▸ Your objective
Omit all pictures, then retype the data exactly as given.
*** Input data ***
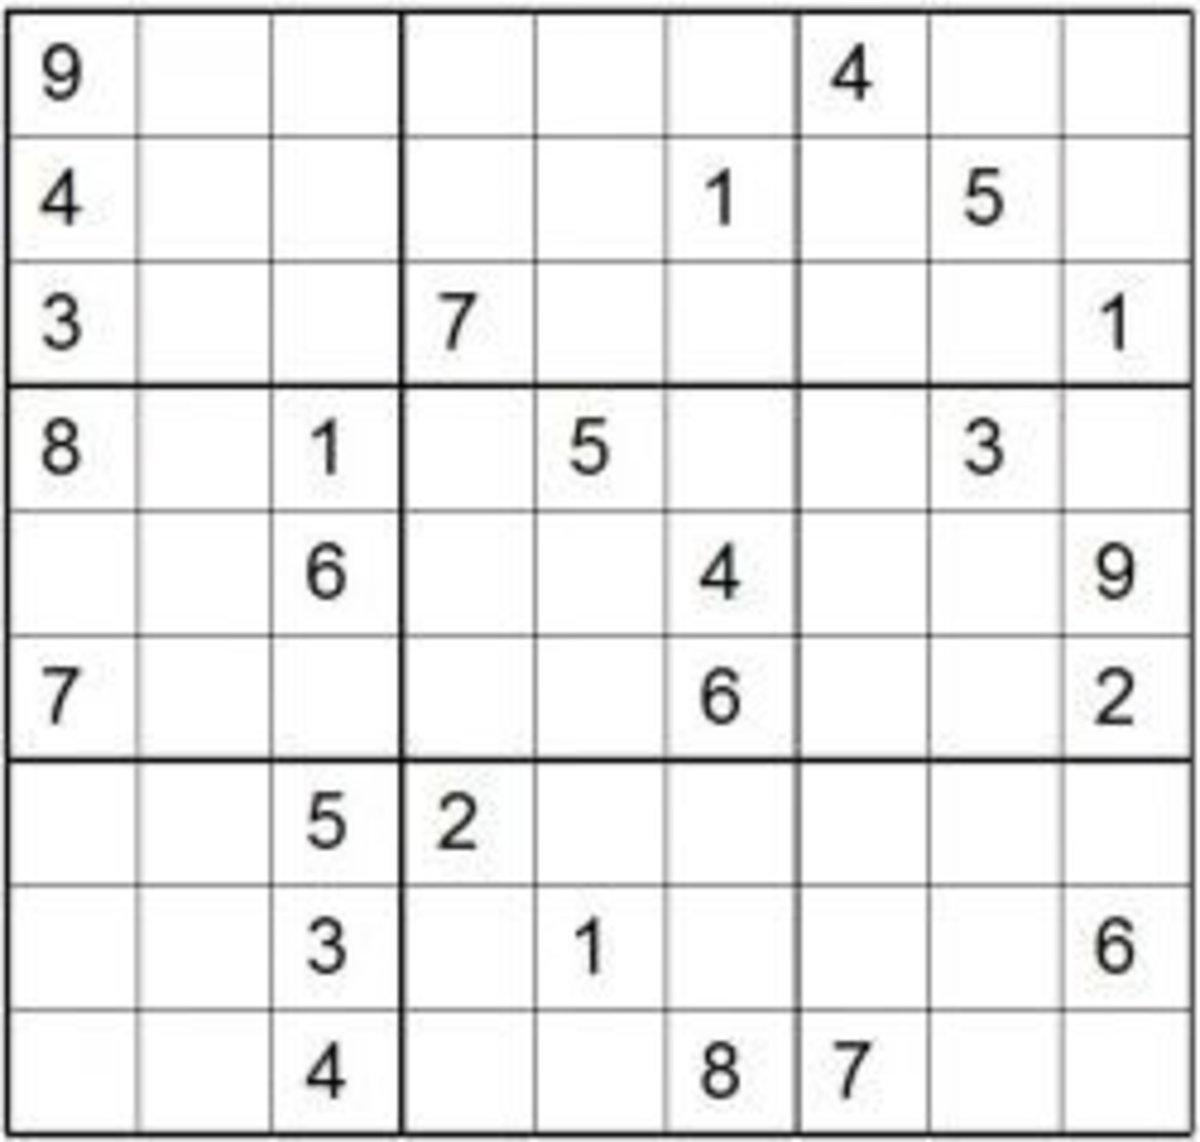 Print Sudoku Puzzles
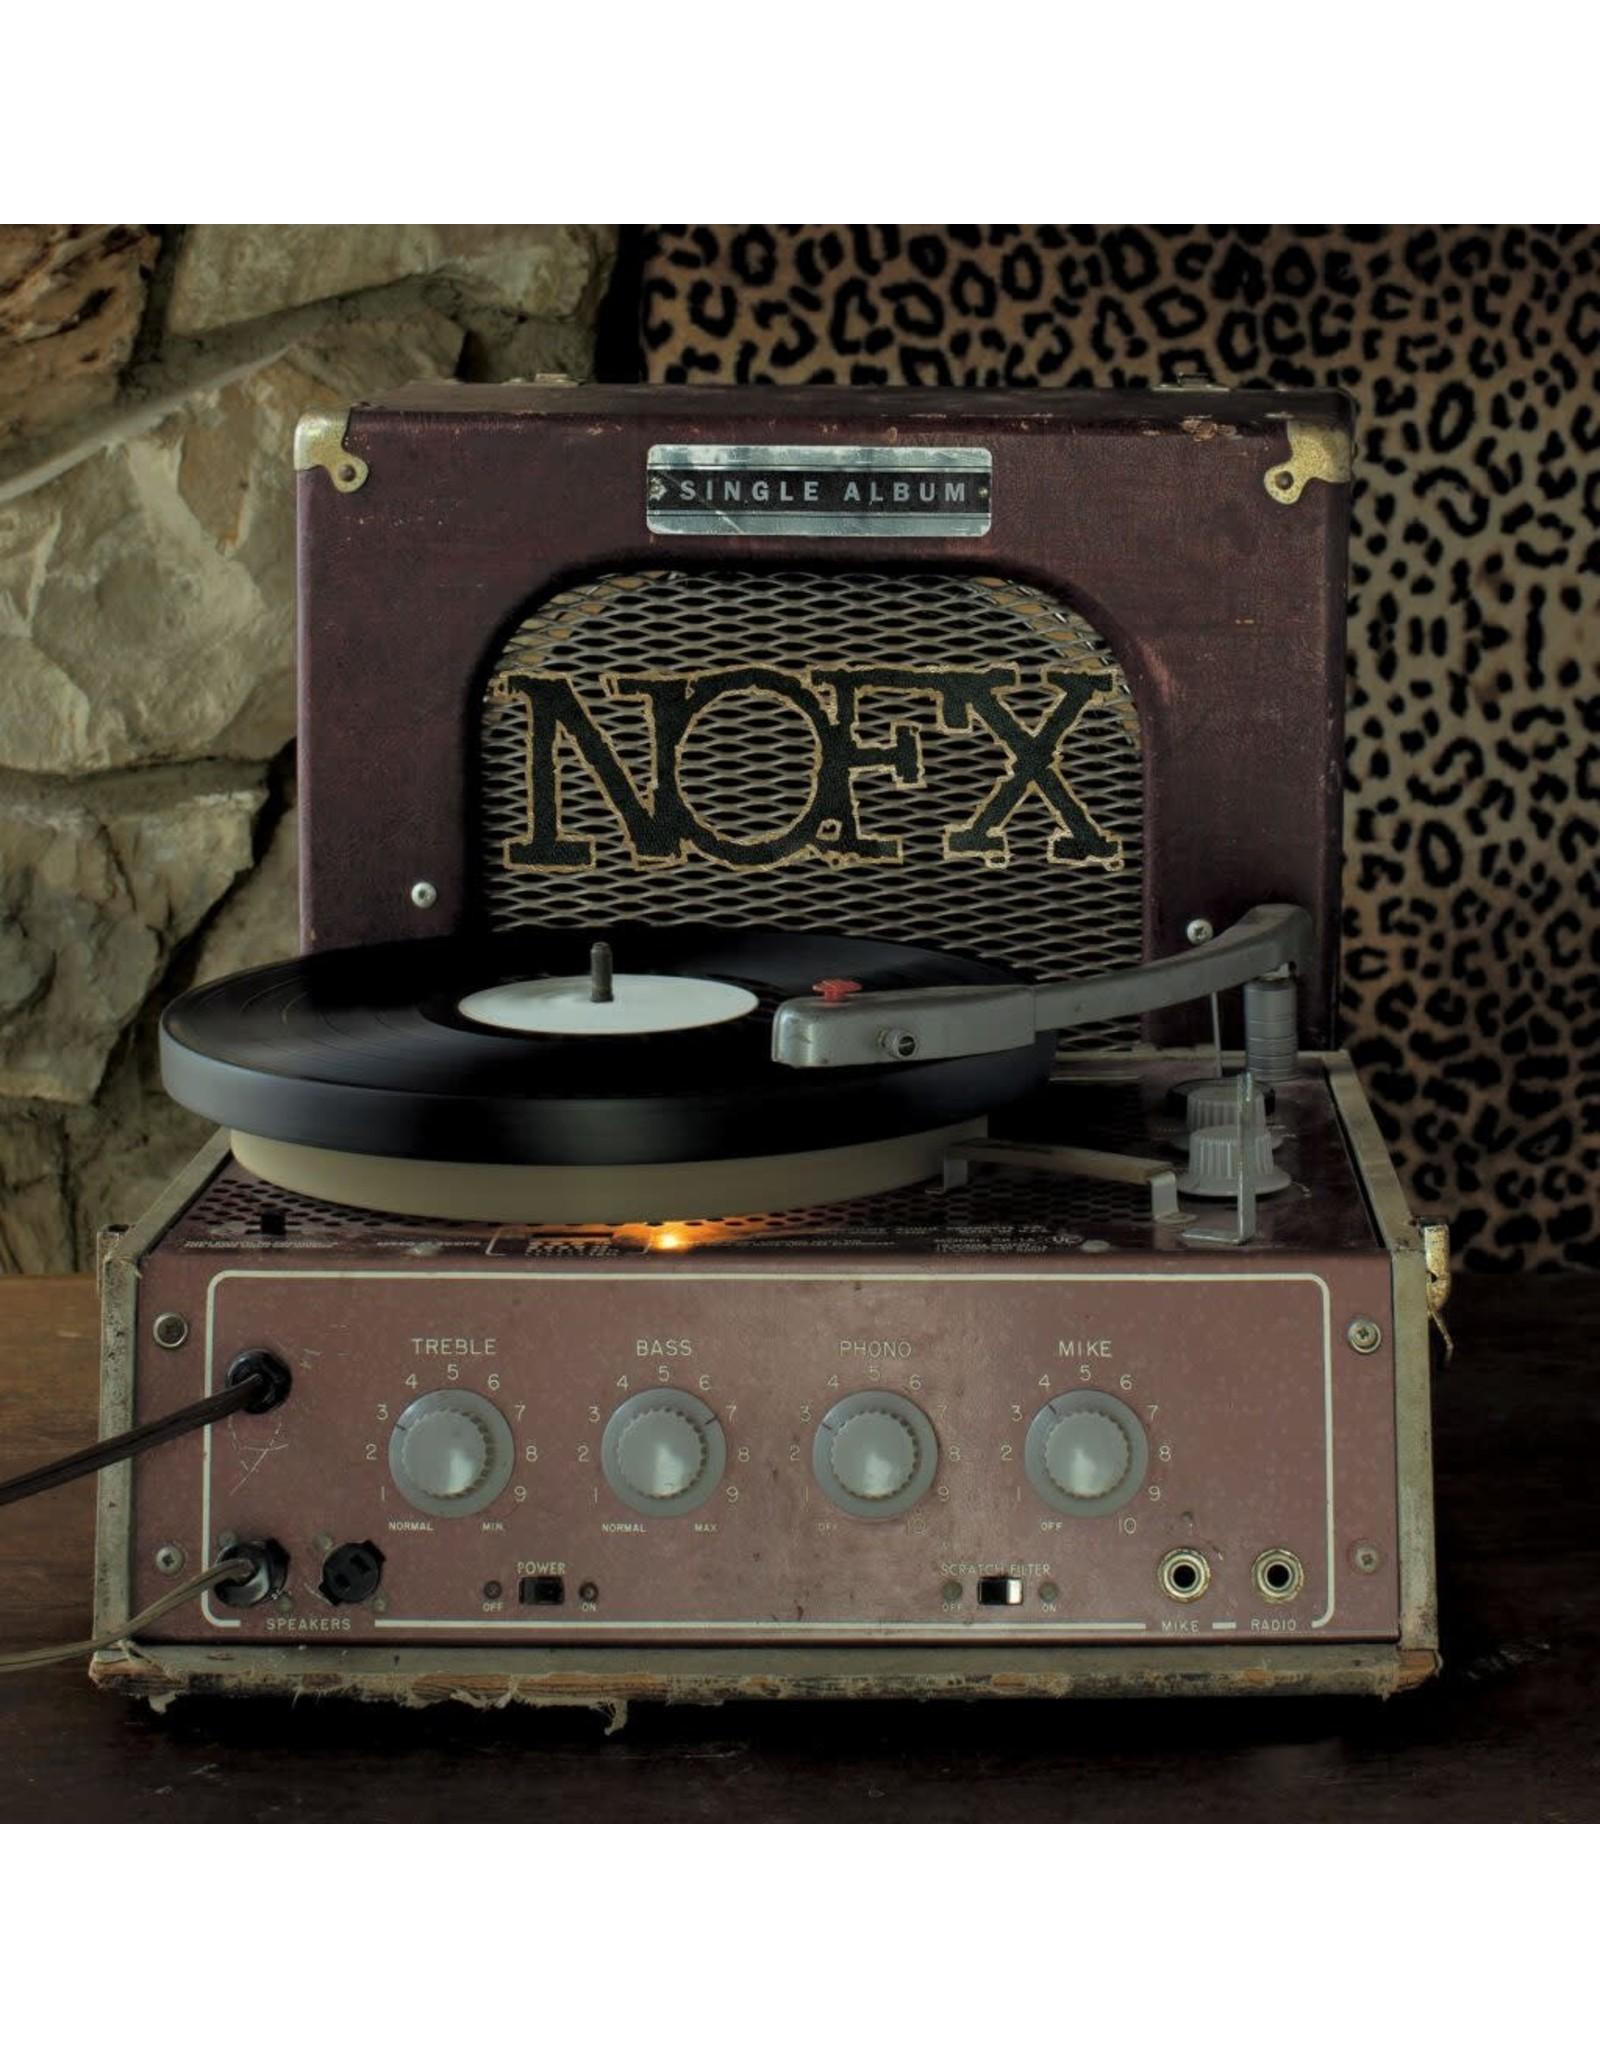 NOFX - Single Album CD
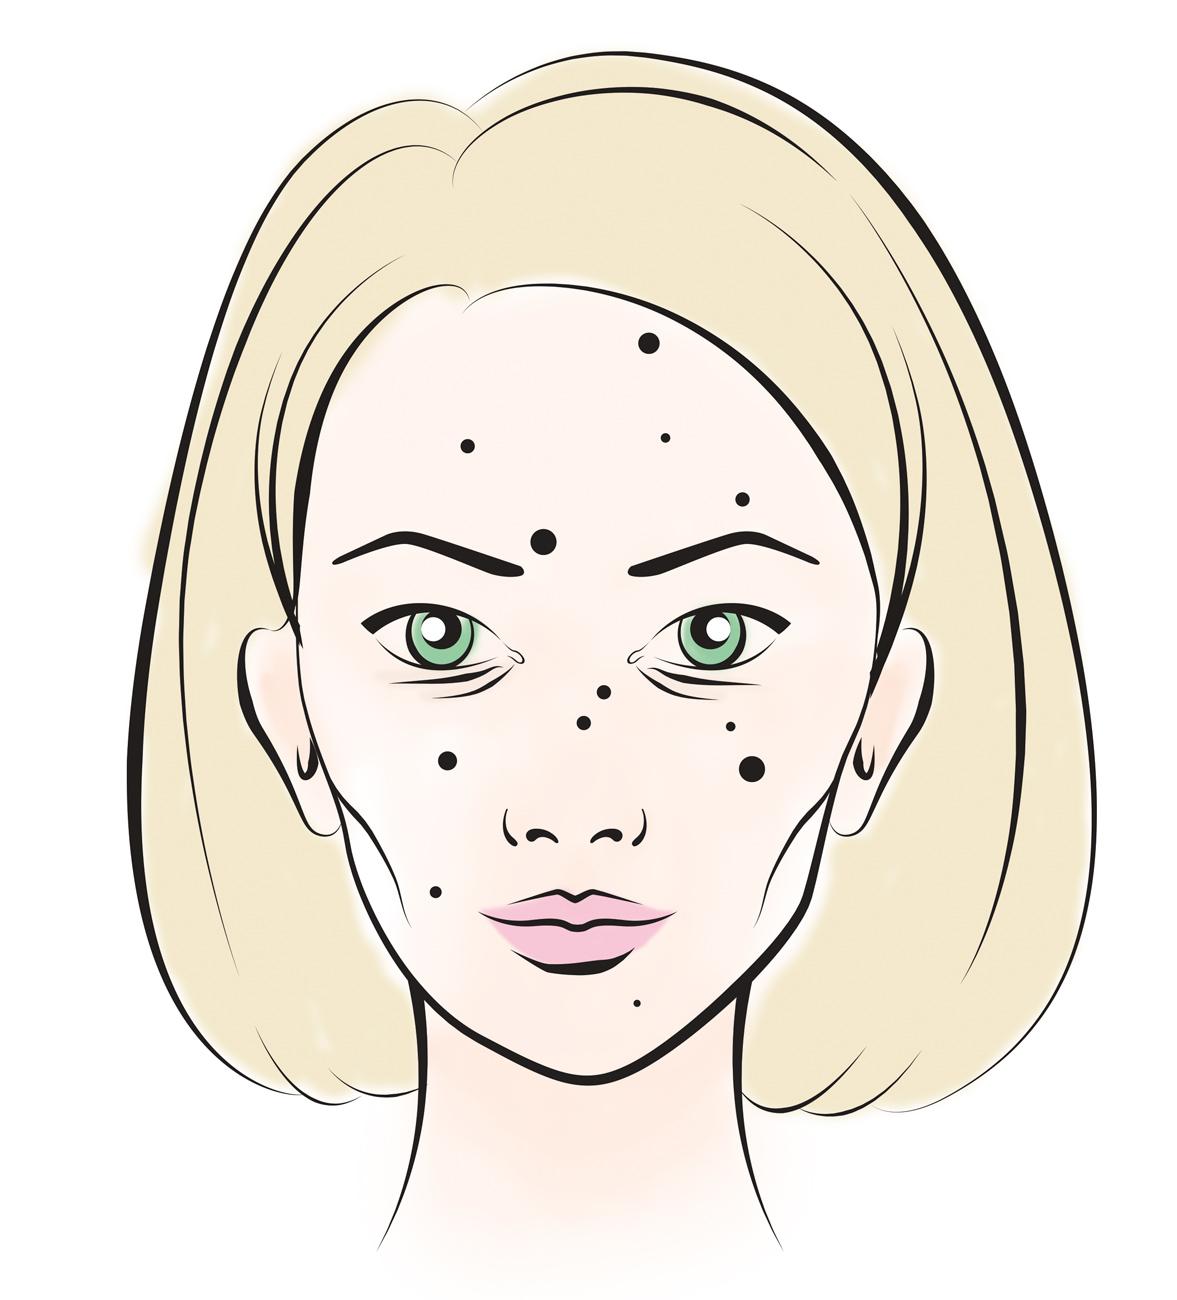 bőrproblémák, Bőrre írt étkezési szokások – Küszöböld ki a bőrproblémákat helyes táplálkozással még az esküvő előtt!
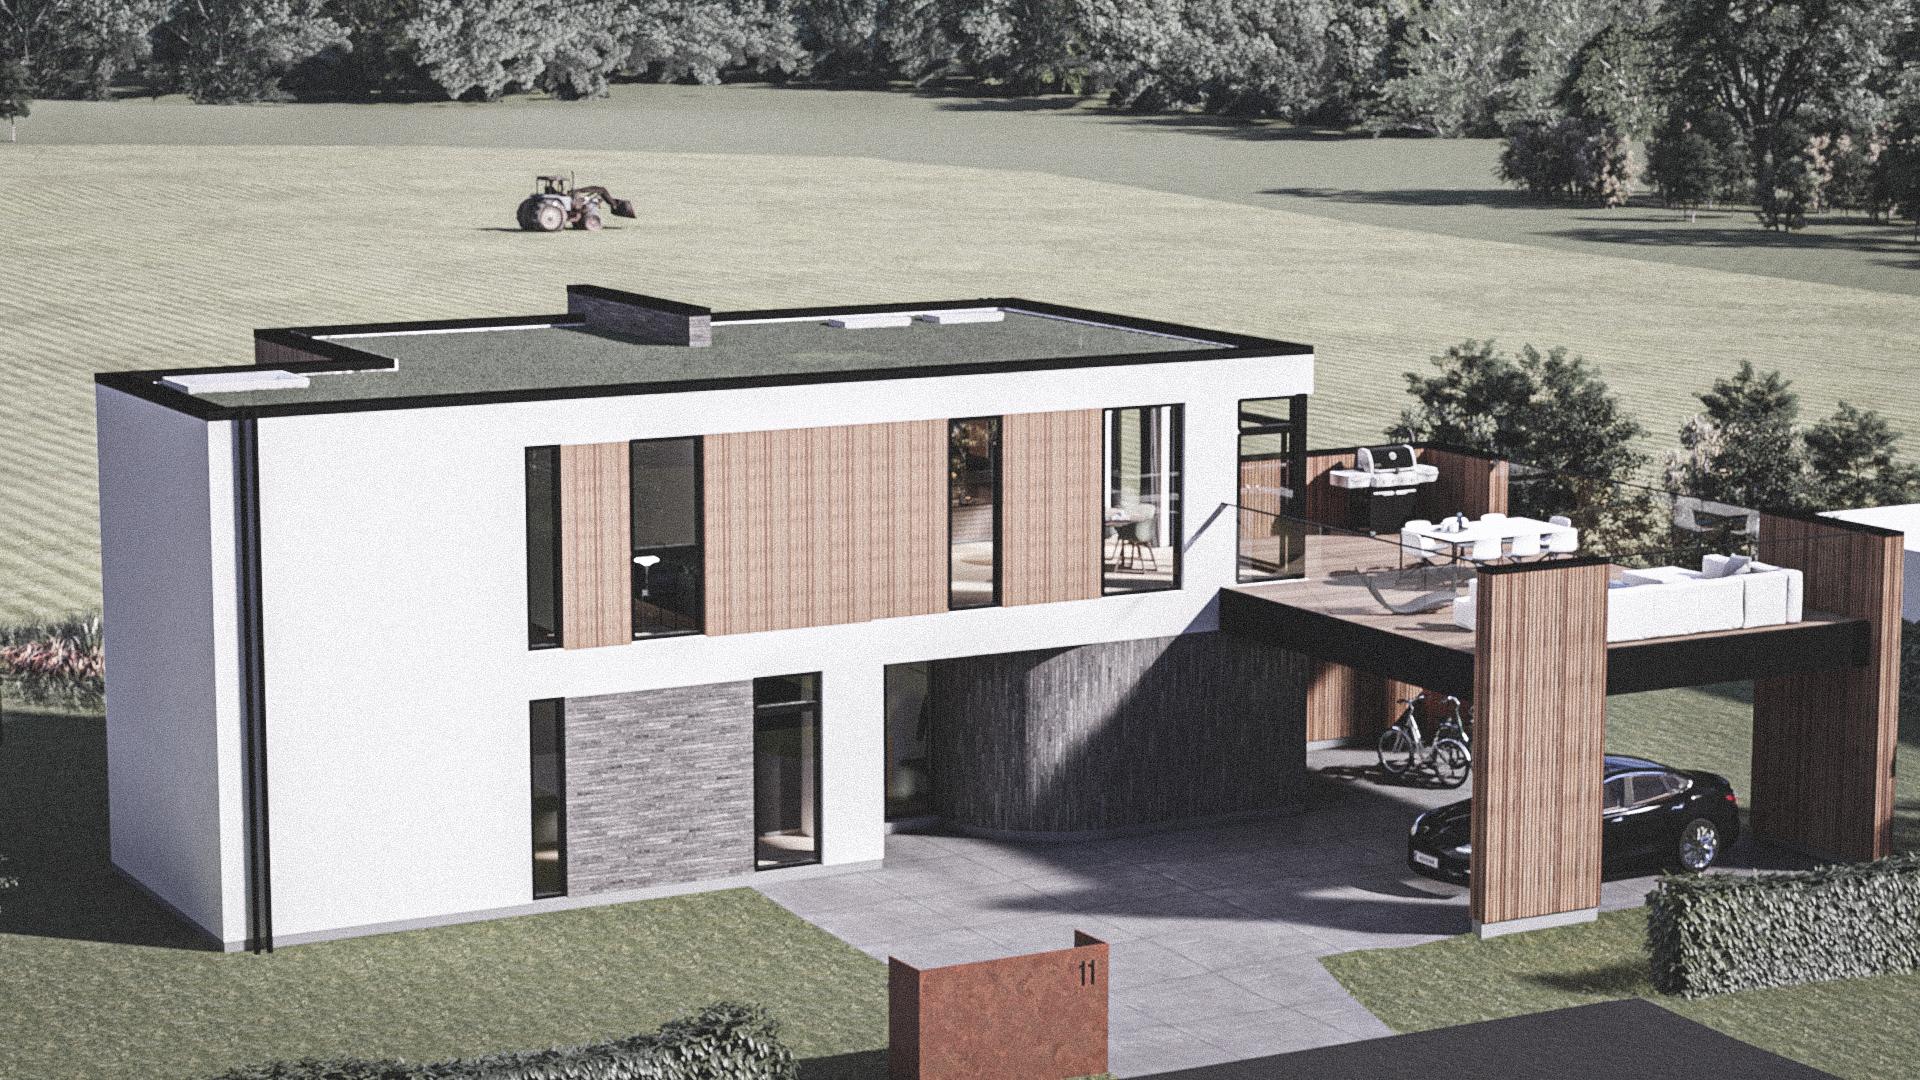 Billede af Dansk arkitekttegnet 2 plan villa af arkitektfirmaet m2plus, i Thisted på 221 kvartratmeter.
***
▸ Task result
 Print Sudoku Puzzles
 NOFX - Single Album CD
 bőrproblémák, Bőrre írt étkezési szokások – Küszöböld ki a bőrproblémákat helyes táplálkozással még az esküvő előtt!
 Billede af Dansk arkitekttegnet 2 plan villa af arkitektfirmaet m2plus, i Thisted på 221 kvartratmeter.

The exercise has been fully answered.